KHOKAN @ KHOKHAN VISHWAS
STATE OF CHHATTISGARH
Criminal Appeal No. 121 of 2021, Decided On February 11, 2021
JUDGES: DR.DHANANJAYA Y CHANDRACHUD AND M.R. SHAH.
Facts: The facts in brief according to the prosecution story were that, on 08.08.2006 at about 6:30 p.m., the deceased was in the house of his neighbour Devan. At that very time, the Khokan (“accused”) had a quarrel with him regarding money and due to this the accused pushed the deceased down and stood up on his abdomen and crushed. On the very next day, the deceased got admitted in N.M.D.C. Apollo Central Hospital, Bacheli for treatment as he was experiencing severe abdominal pain subsequently, he was referred to Maharani Hospital, Jagdalpur for treatment. During treatment, the deceased died on 11.08.2006.
As per the post mortem report conducted by Dr.(Smt.) J. Gupta (PW-3) the cause of death of the deceased was shock as a result of septicemia caused by injuries in small intestine. The Trial Court convicted the accused for the offence punishable under Section 302 IPC after observing and finding that the case would fall under Section 300 IPC and that the murder of Manku Ram committed by the accused does not come under the fourth exception of Section 300 IPC. Accordingly, after holding the accused guilty for the offence punishable under Section 302, IPC, the Trial Court awarded life sentence to the accused. The same was confirmed by the High Court.

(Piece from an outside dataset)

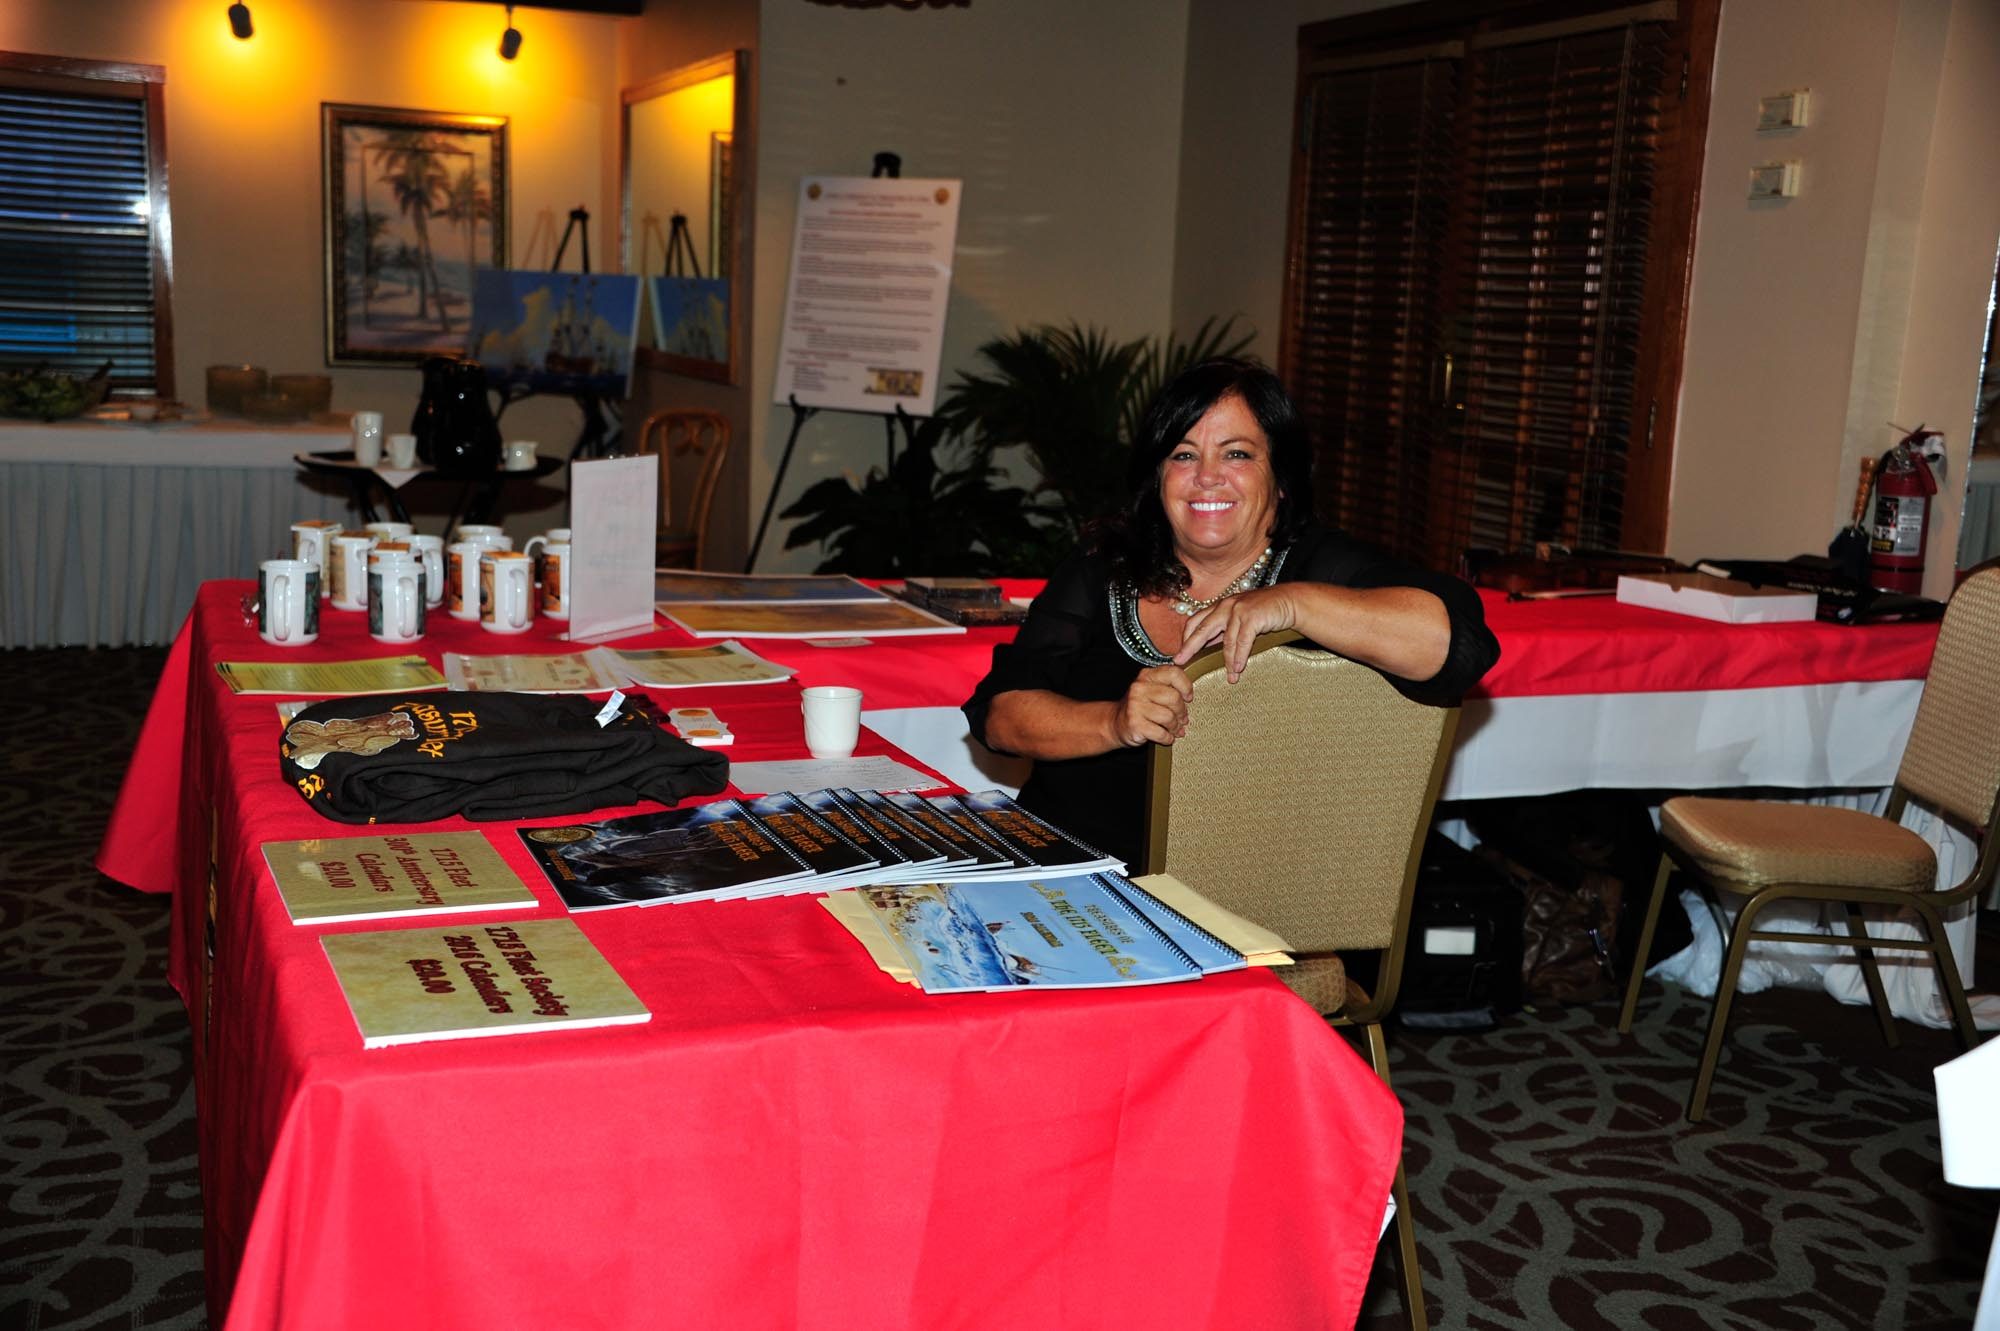 Robin Miller, Ambassador at Captain Hiram's Resort, gets ready to welcome guests to the banquet_

Thereafter, being aggrieved with the judgment and order passed by the High Court as well as the judgment and order passed by the learned trial Court convicting the appellant-accused for the offence under Section 302, IPC the Appellant-accused preferred the above noted Appeal before the Supreme Court wherein, the Court modified the sentence to the extent that the conviction of the appellant-accused for the offence was modified to as under Section 304-I, IPC and sentence was reduced to the period already undergone by him i.e., 14.5 years and the rest of the judgment and order passed by the learned trial Court, confirmed by the High Court, was confirmed.
The sole question which arose before the Supreme Court was, whether, in the facts and circumstances of the case, can it be said that the accused committed the murder of the deceased as defined under Section 300 IPC and therefore whether both the courts below rightly convicted the accused for the offence under Section 302 IPC or whether the conviction can be altered to Section 304-I, IPC?
While answering the question, the Supreme Court delved on the proposition that, when the culpable homicide can be said to be the murder and when the culpable homicide is not amounting to murder, and adverted to Section 300 of the IPC.
Where after, considering Section 300 of the IPC, the Supreme Court observed that the said Section is in two parts, and, the first part is when culpable homicide can be said to be the murder and the second part is the exceptions when the culpable homicide is not murder. The relevant part of Section 300 IPC for the purpose of the present case would be clause 4 to Section 300 and exception 4 to Section 300 IPC. As per clause 4 to Section 300 IPC, if the person committing the act knows that it is so imminently dangerous that it must, in all probability, cause death or such bodily injury as is likely to cause death, and commits such act without any excuse for incurring the risk of causing death or such injury, such culpable homicide can be said to be the murder.
However, as per exception 4 to Section 300, culpable homicide is not murder if it is committed without premeditation in a sudden fight in the heat of passion upon a sudden quarrel and without the offender having taken undue advantage or acted in a cruel or unusual manner. As per explanation to exception 4 to Section 300 IPC, it is immaterial in such cases which party offers the provocation or commits the first assault.
Further, with regard to the facts and circumstances of the case, the Supreme Court observed that it cannot be said that there was any intention on the part of the accused of causing bodily injury to the deceased and the bodily injury intended to be inflicted was sufficient in the ordinary course of nature to cause death.
Moreover, since there was no evidence to show that there was any premeditation on the part of the accused and considering the case of the prosecution as it is and since, there was a sudden quarrel with respect to money and the accused pushed the deceased and stood on the abdomen in the heat of passion upon a sudden quarrel. Therefore, the case would fall under exception 4 to Section 300 IPC. As per explanation to exception 4 to Section 300 IPC, it is immaterial in such cases which party offers the provocation or commits the first assault. Therefore, both the courts below have materially erred in holding the appellant-accused guilty for the offence punishable under Section 302 IPC. Thus, the Supreme Court held that at the most, it can be said that the appellant-accused has committed the offence under Section 304-I IPC.